Debris from last year’s earthquake and tsunami in Japan continues to arrive on the Pacific Northwest coast, leaving U.S. and Canadian mariners on edge.
On Tuesday, a dock the size of a freight-train boxcar washed ashore on an Oregon beach. The 66-by-19-by-7-foot 165-ton concrete and metal dock managed to float 5,000 miles without reports that it was seen.
"Wow, how come we didn't know about it floating around out there?" John Chapman, a research scientist at Oregon State University's Hatfield Marine Science Center, told The Associated Press. "It's definitely a dangerous marine hazard."
Click play for a report on the dock that washed up on shore.
Click play to hear a biologist describe what was found clinging to the dock or click here.
On Monday, people reported seeing the dock offshore near Agate Beach a mile north of Newport, Ore. Shortly after the dock made landfall at high tide it was checked for radiation and found to be negative.
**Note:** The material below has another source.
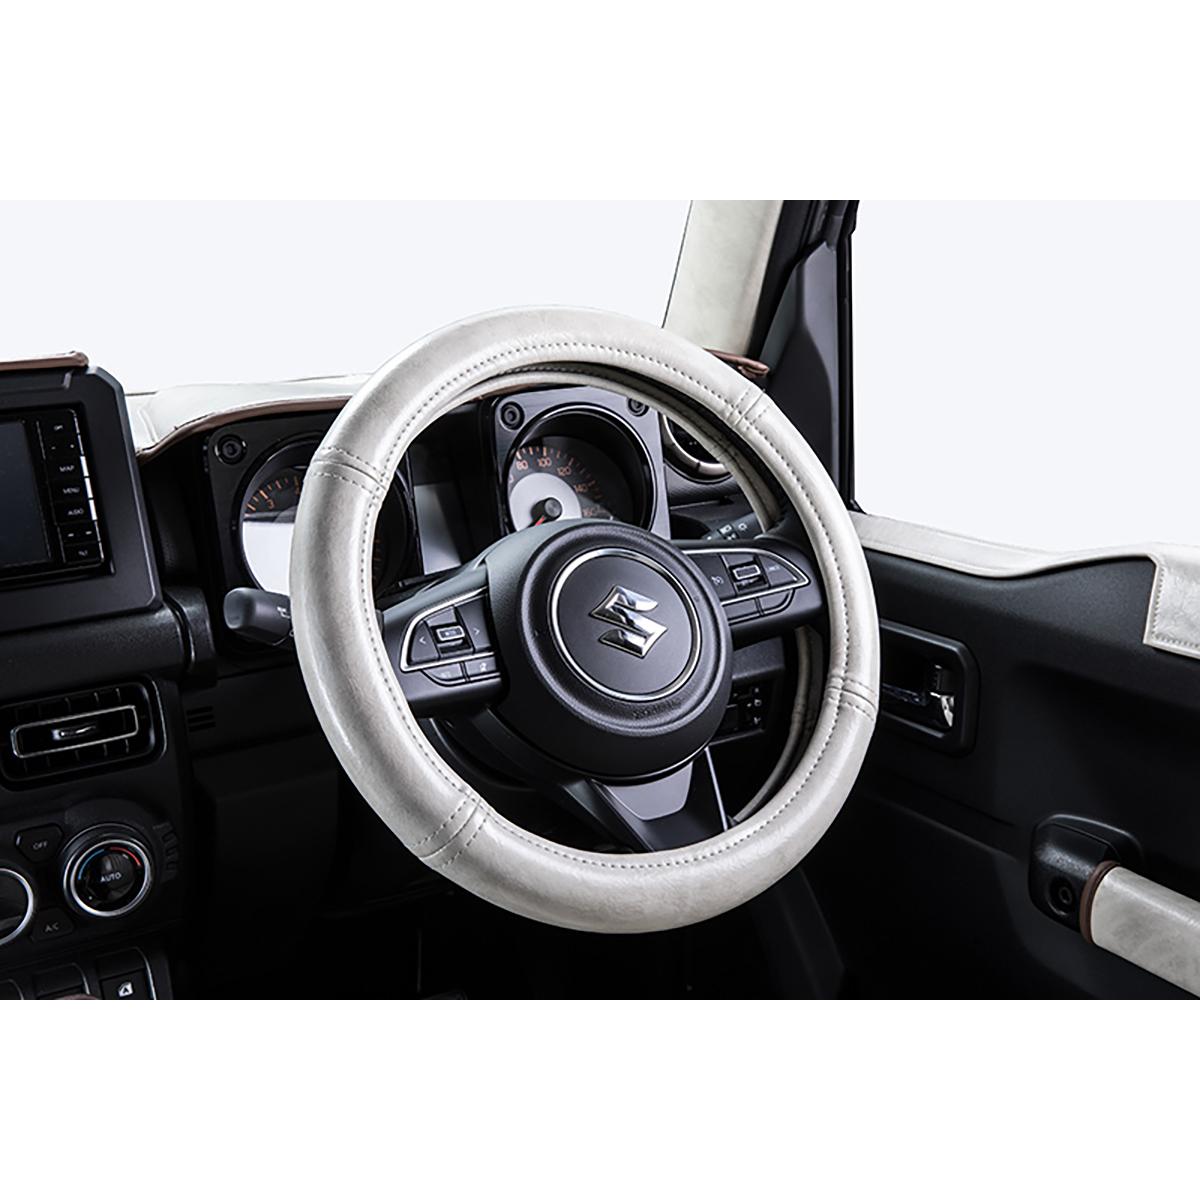 ハンドルカバー アンティーク 軽トラック 軽乗用車用 日本製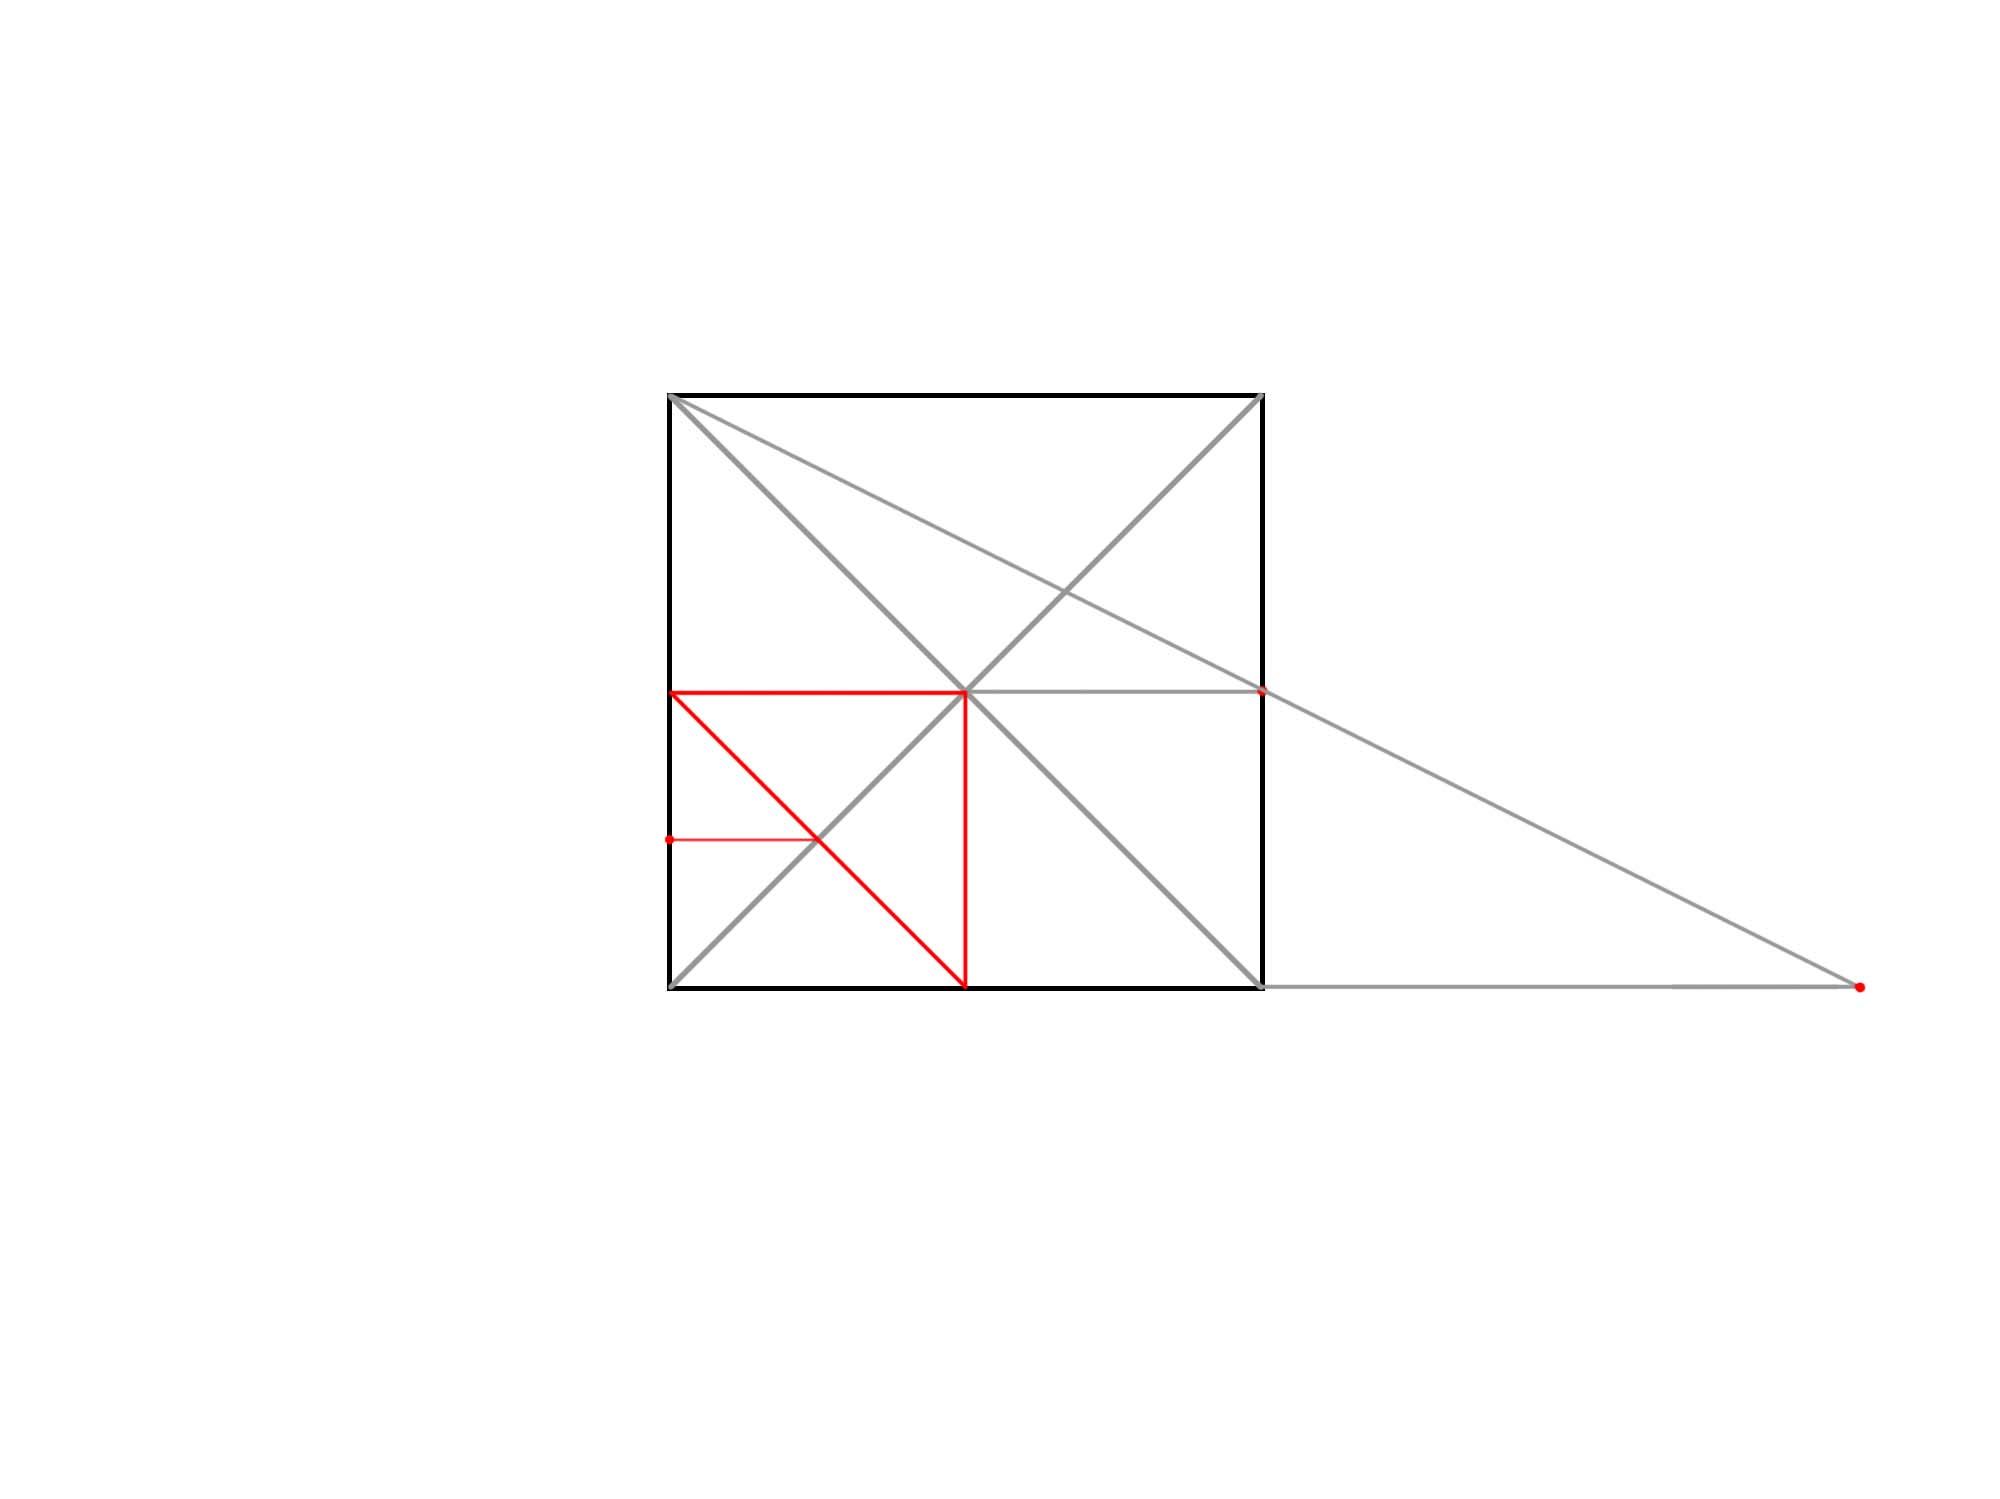 正方形を使って円を描く④

A metal placard bearing Japanese writing was attached to the dock, and it was forwarded to the Japanese Consulate in Portland, Ore., for review.
The dock is the latest notable piece of debris to cross the Pacific.
A Harley-Davidson motorcycle in a crate came ashore in British Columbia. A soccer ball from Japan washed up in Alaska. In April, the Coast Guard sank a Japanese "ghost ship" that was floating in shipping lanes off Alaska's southeast coast.
It's a warning sign that debris from the disaster is reaching the U.S. coast much sooner than predicted, The Oregonian reports.
"This stuff is coming a lot faster than we thought it was," Tom Towslee, a spokesman for U.S. Sen. Ron Wyden (D-Ore.), told the newspaper. "It's starting, and at least nine months ahead of schedule as far as I can tell."
Experts had thought it might be March 2013 before major pieces of debris hit the coast of North America.